Tarasiuk testified at trial that she had previously worked for May as his secretary, and later as his office manager and bookkeeper at his business (Door & Trim). V R. 7-9. She had also begun an affair with him sometime during that employment. V R. 8. Tarasiuk further testified that May brought up the subject of selling cocaine. May told her that she needed to start making some money to support herself since she had lost her job at Door & Trim. V R. 17. According to Tarasiuk, May supplied her with the cocaine she was to sell until October 1991 when May directed her to get more cocaine from other sources. V R. 18-20, 30-31, 40-42. May testified at his trial, admitting that he had previously given Tarasiuk money to purchase cocaine, but maintaining that he had ceased his involvement with any drug transactions prior to the incident on October 29, 1991, and that he only participated in the October 29 transaction because he thought Tarasiuk’s life was in danger. VI R. 4-12.
I
Prosecutorial Misconduct
May defended against the conspiracy and attempt charges by arguing that he had withdrawn from the conspiracy prior to the transaction on October 29, 1991, and then participated again only because he believed Tara-siuk’s life to be in danger if he did not. In his statements to authorities after he was arrested and advised of his rights, however, he did not mention the alleged withdrawal. In her closing argument, the prosecutor made the following comments with respect to the withdrawal defense:
Never once did [May] say [to the authorities], “[Y]ou know, on the 28th or the 27th, I actually got out of this deal. I stopped doing this, police. I — you know, I got out of this. That was never in any of [the previous] stories. Never once did he ever tell the police the story of a day or two before I got caught, I decided to get out. That story only came up today.
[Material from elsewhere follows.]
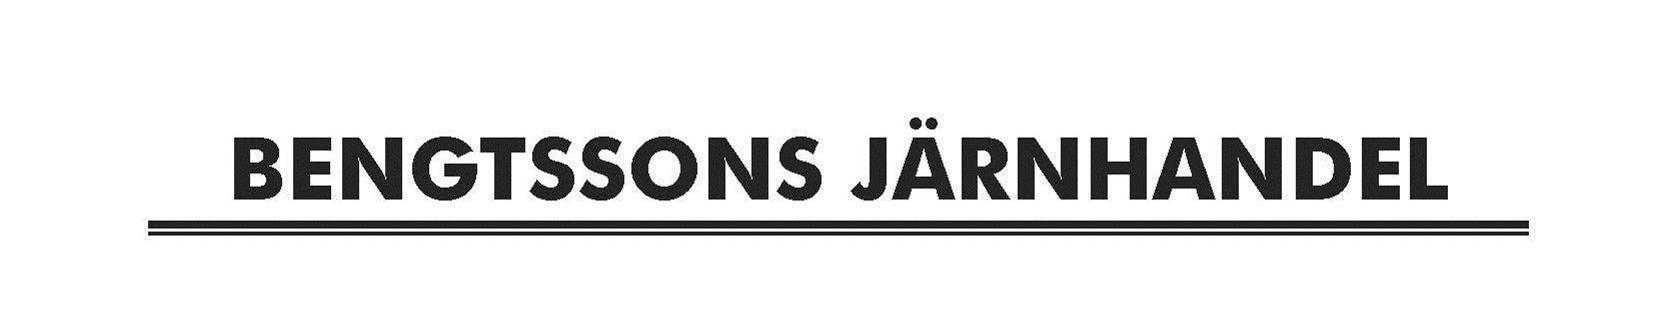 © Bengtssons Järnhandel i Ryd, Sportfischenausrüstung bei Bengtssons Järnhandel, Ryd

Now, on March 29th, he talked with Ken Coffey, and when he talked to Agent Coffey right after his arrest, he again repeated this story. He said, I was only trying to help Lisa. You know, she needed the money. I had fired her. I was trying to help her get some money. He didn’t even say then that the day or two before he decided not to do it.
That has only come up now, now that he has a lawyer, now that he sees withdrawal as a legal defense. That’s when that arose.”
II Supp.R. 167-68. Appellant argues that such comments combine two fundamental forms of improper prosecutorial conduct: asking the jury to draw adverse conclusions from the defendant’s omission of exculpatory facts from prior, post-Miranda warning statements; and attacking defense counsel by suggesting without a record basis that consultation with counsel is a likely source of false defense testimony.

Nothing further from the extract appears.